§ **TASK**
Everything below from the line with "Founder Noel Hilliard" through the line with "Since then the" should be copied exactly, and nothing else; leave out the pictures.

======== AVAILABLE DATA

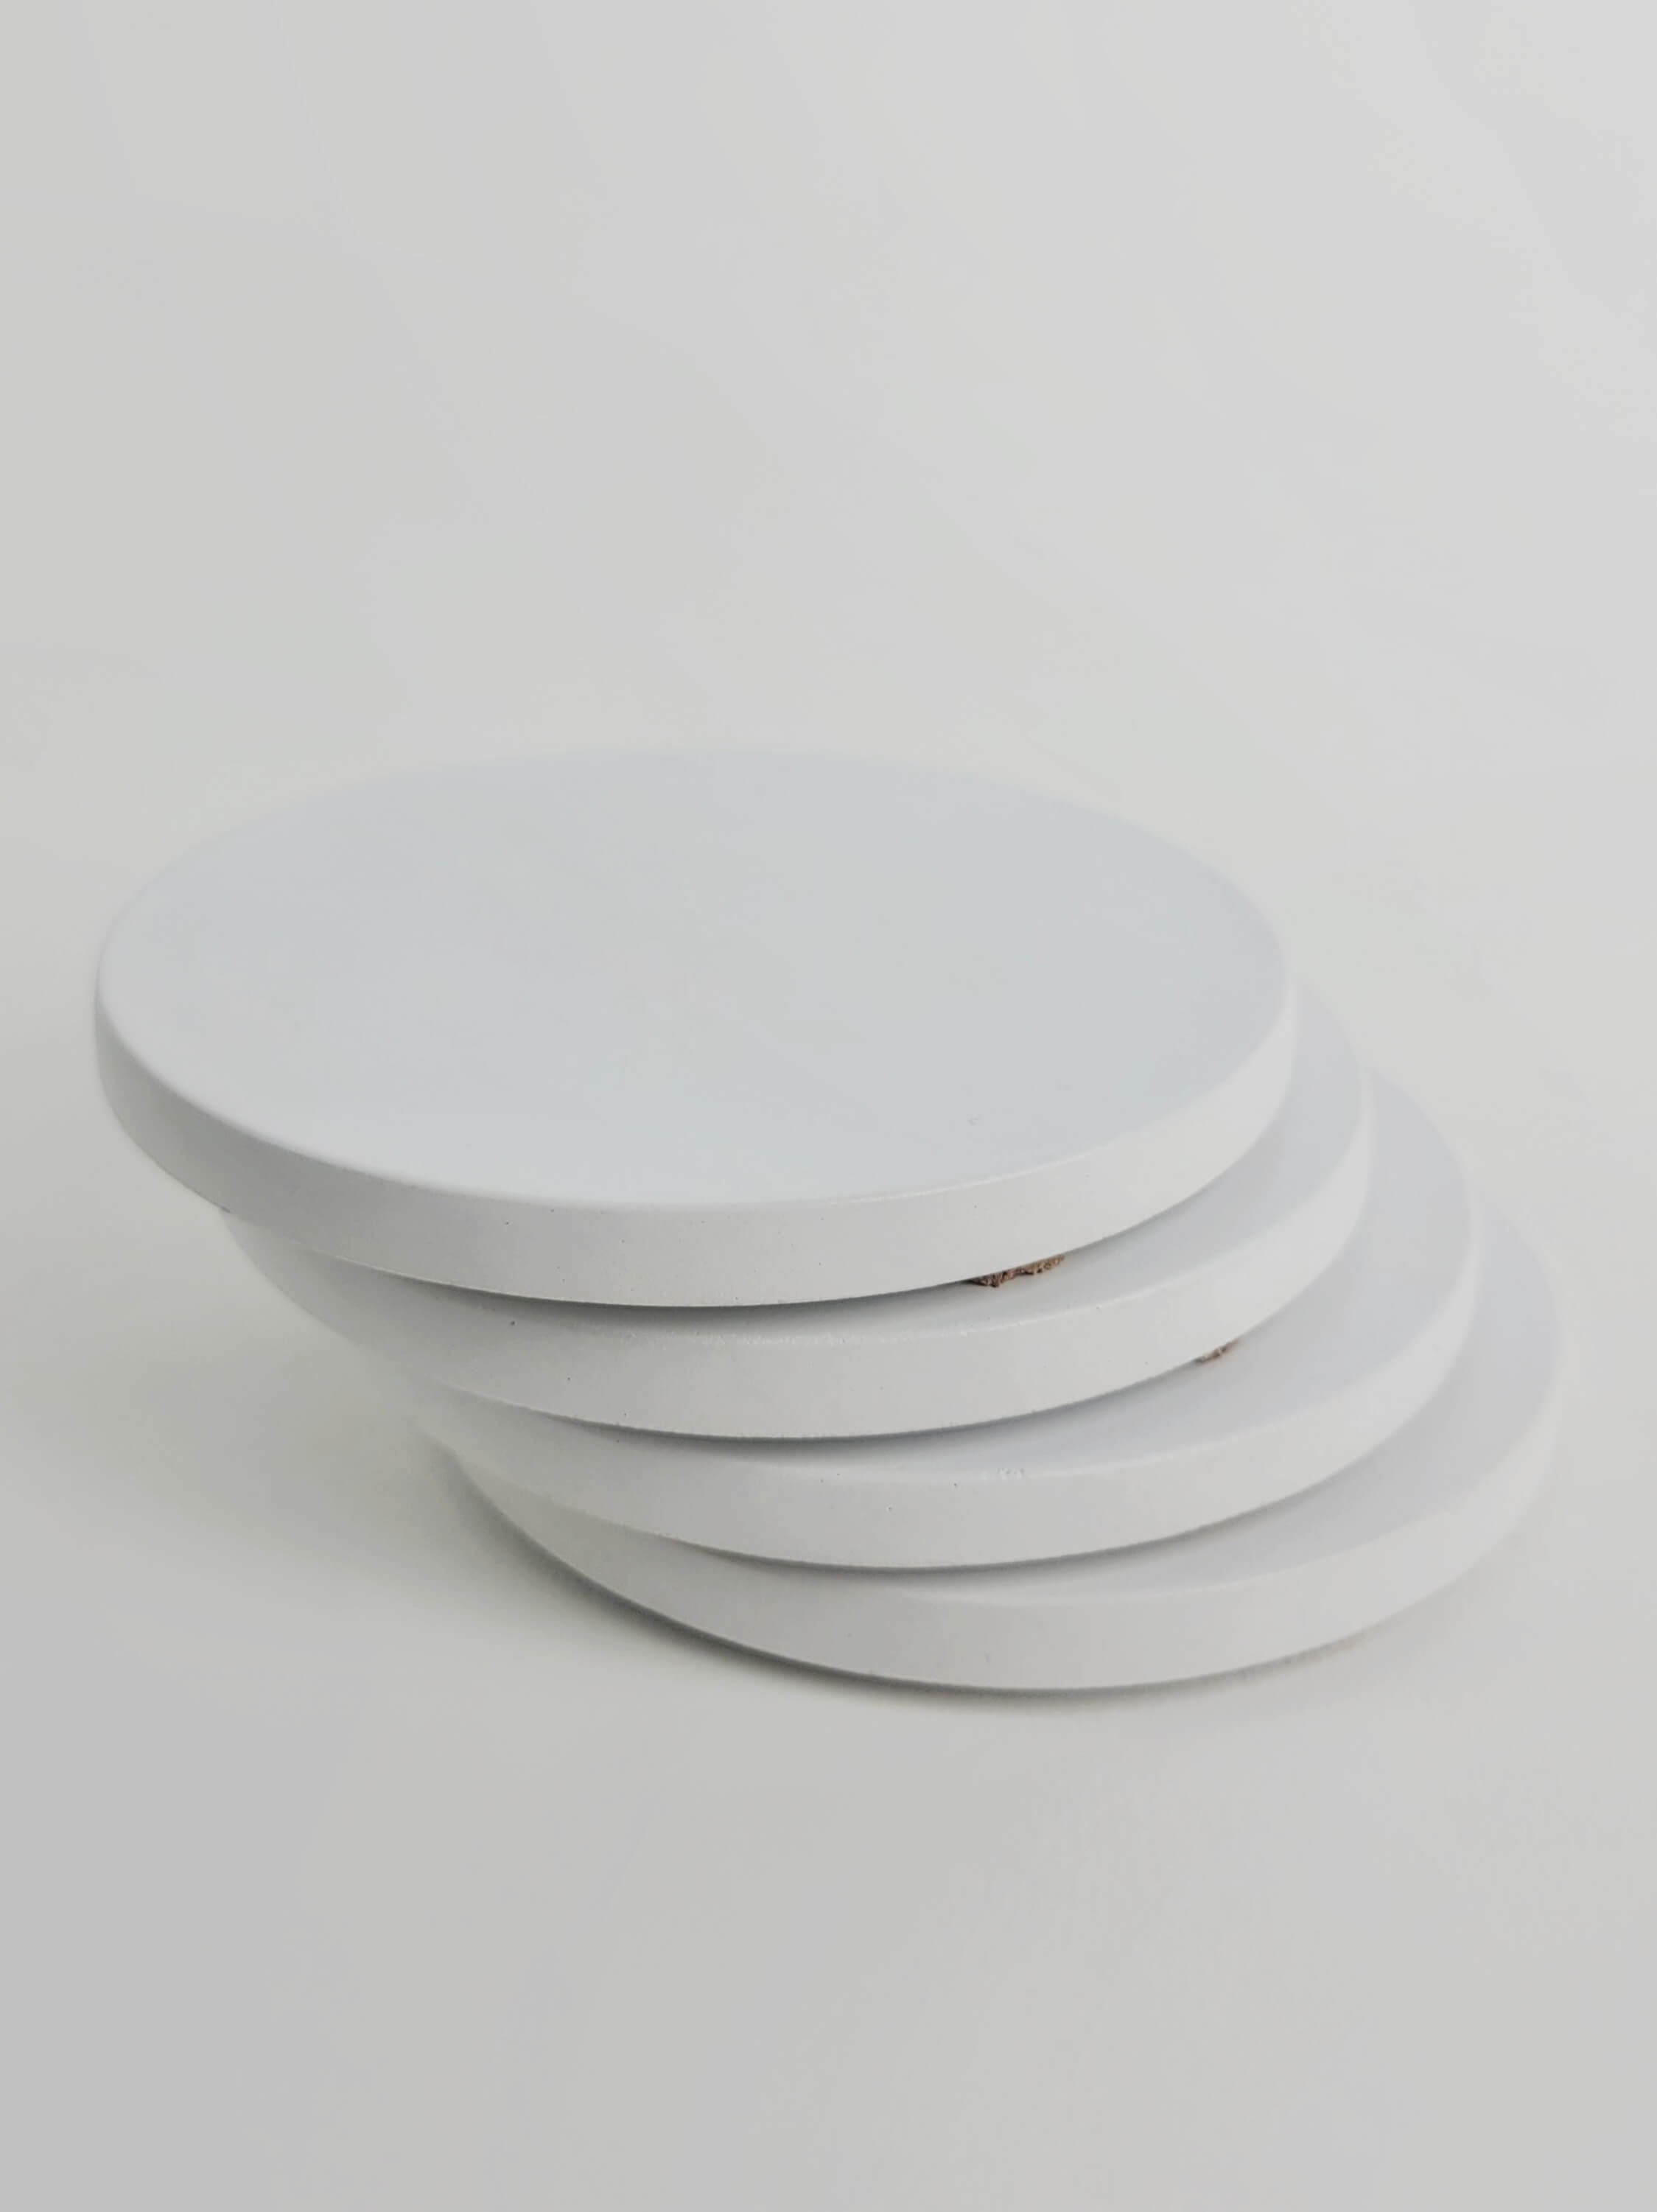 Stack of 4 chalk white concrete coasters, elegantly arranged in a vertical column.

================
======== AVAILABLE DATA

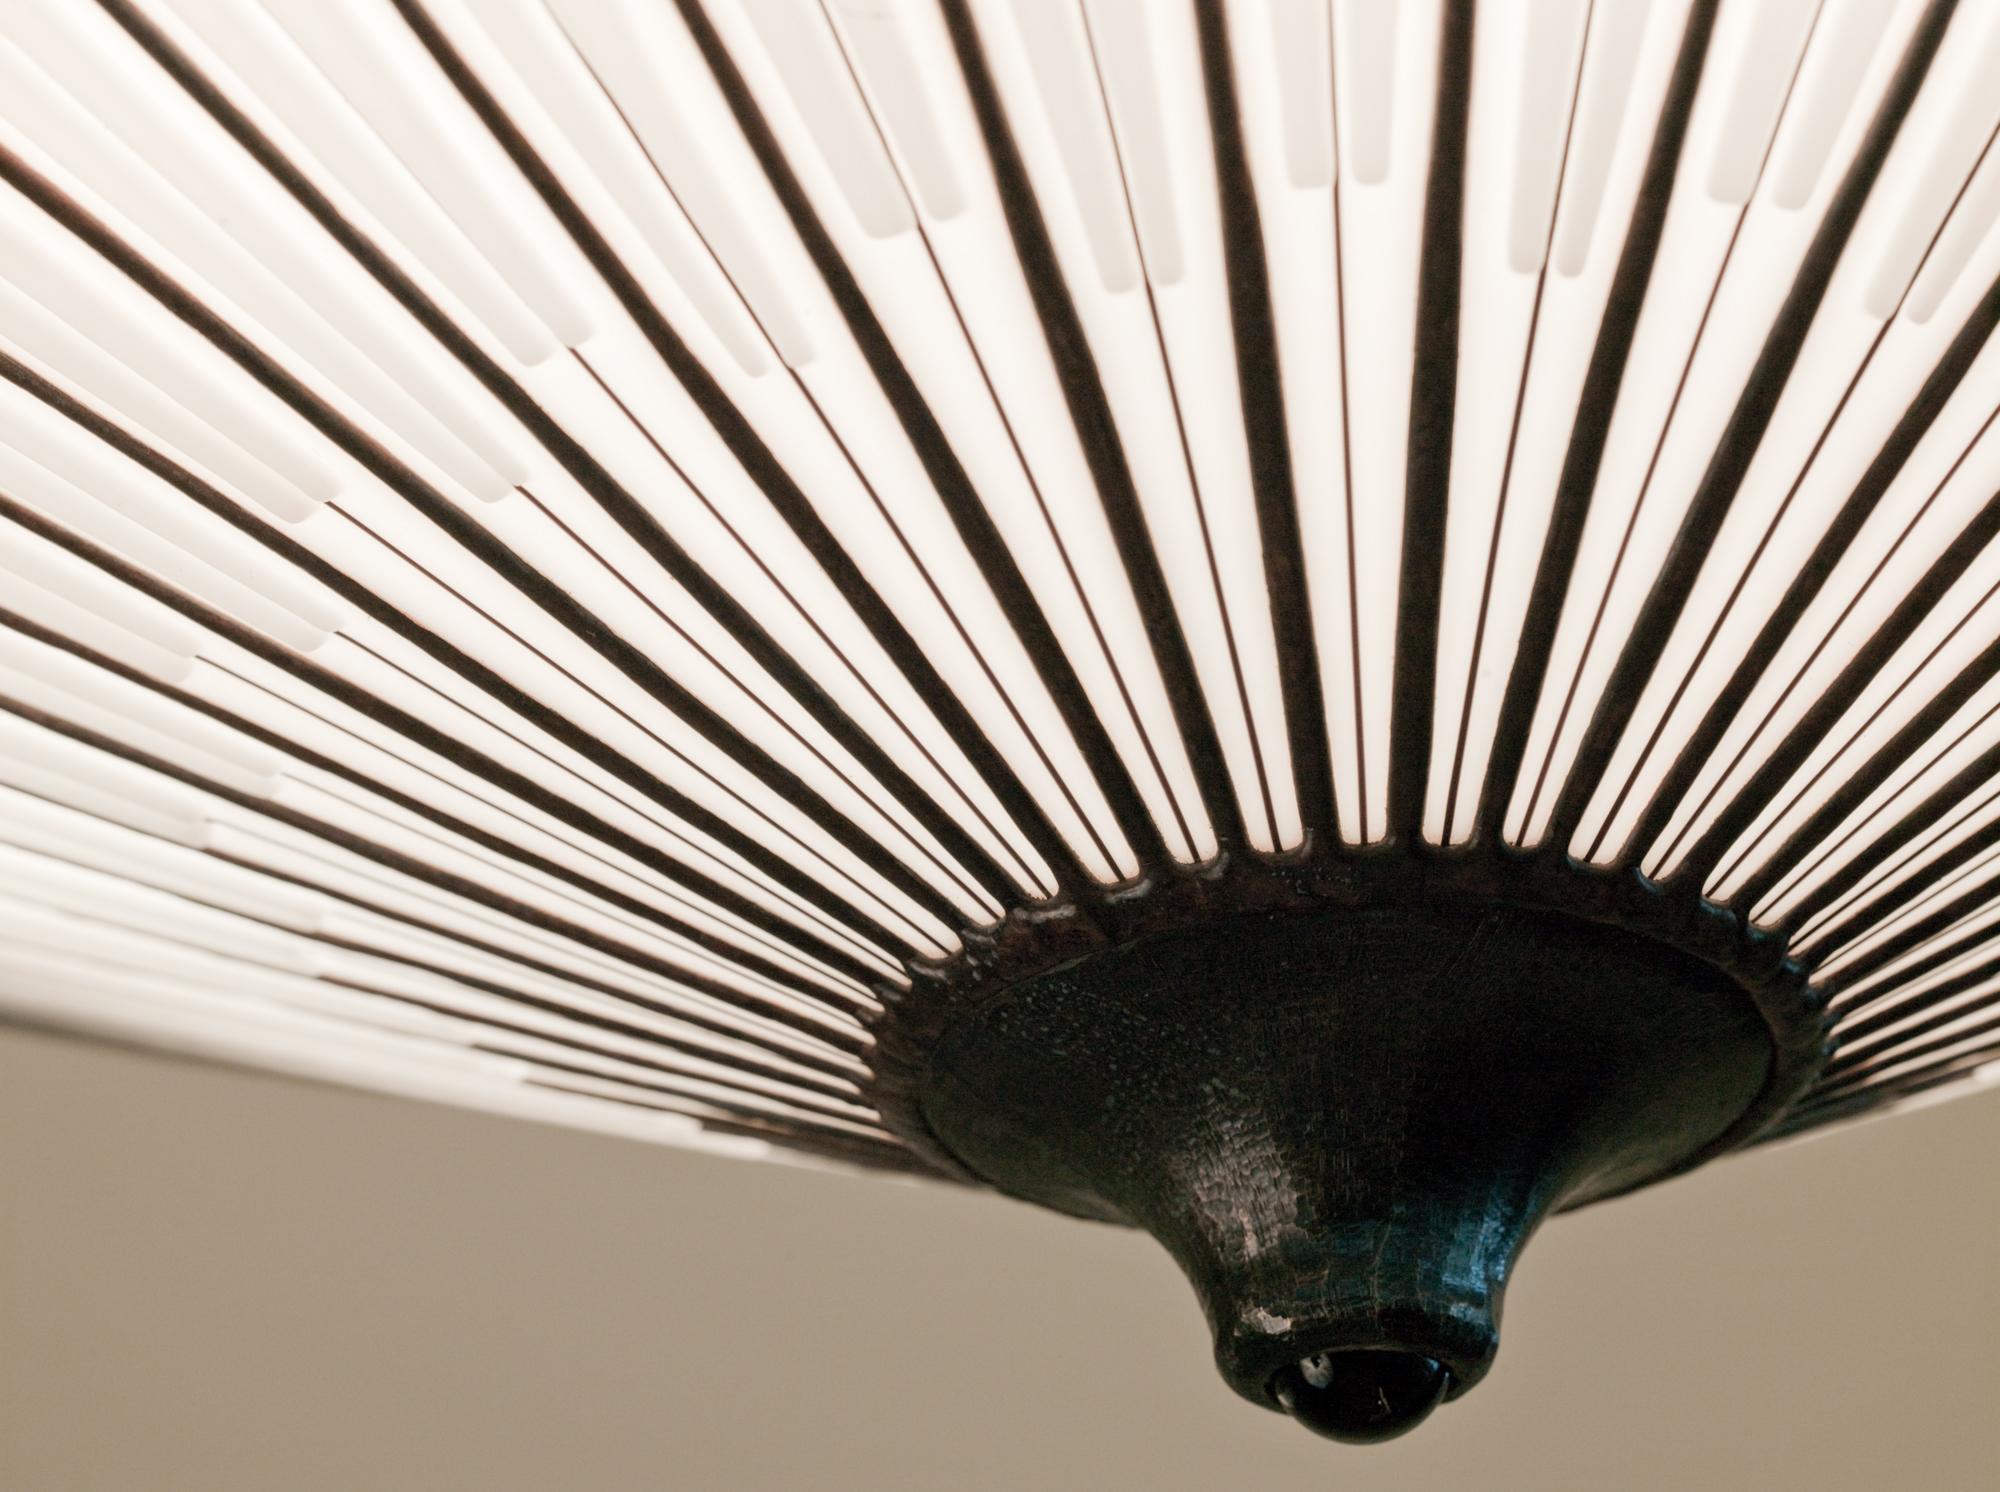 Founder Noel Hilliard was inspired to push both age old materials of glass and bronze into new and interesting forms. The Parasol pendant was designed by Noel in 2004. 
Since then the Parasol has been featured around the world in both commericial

================

§ **RESPONSE AREA**
 Founder Noel Hilliard was inspired to push both age old materials of glass and bronze into new and interesting forms. The Parasol pendant was designed by Noel in 2004. 
Since then the Parasol has been featured around the world in both commericial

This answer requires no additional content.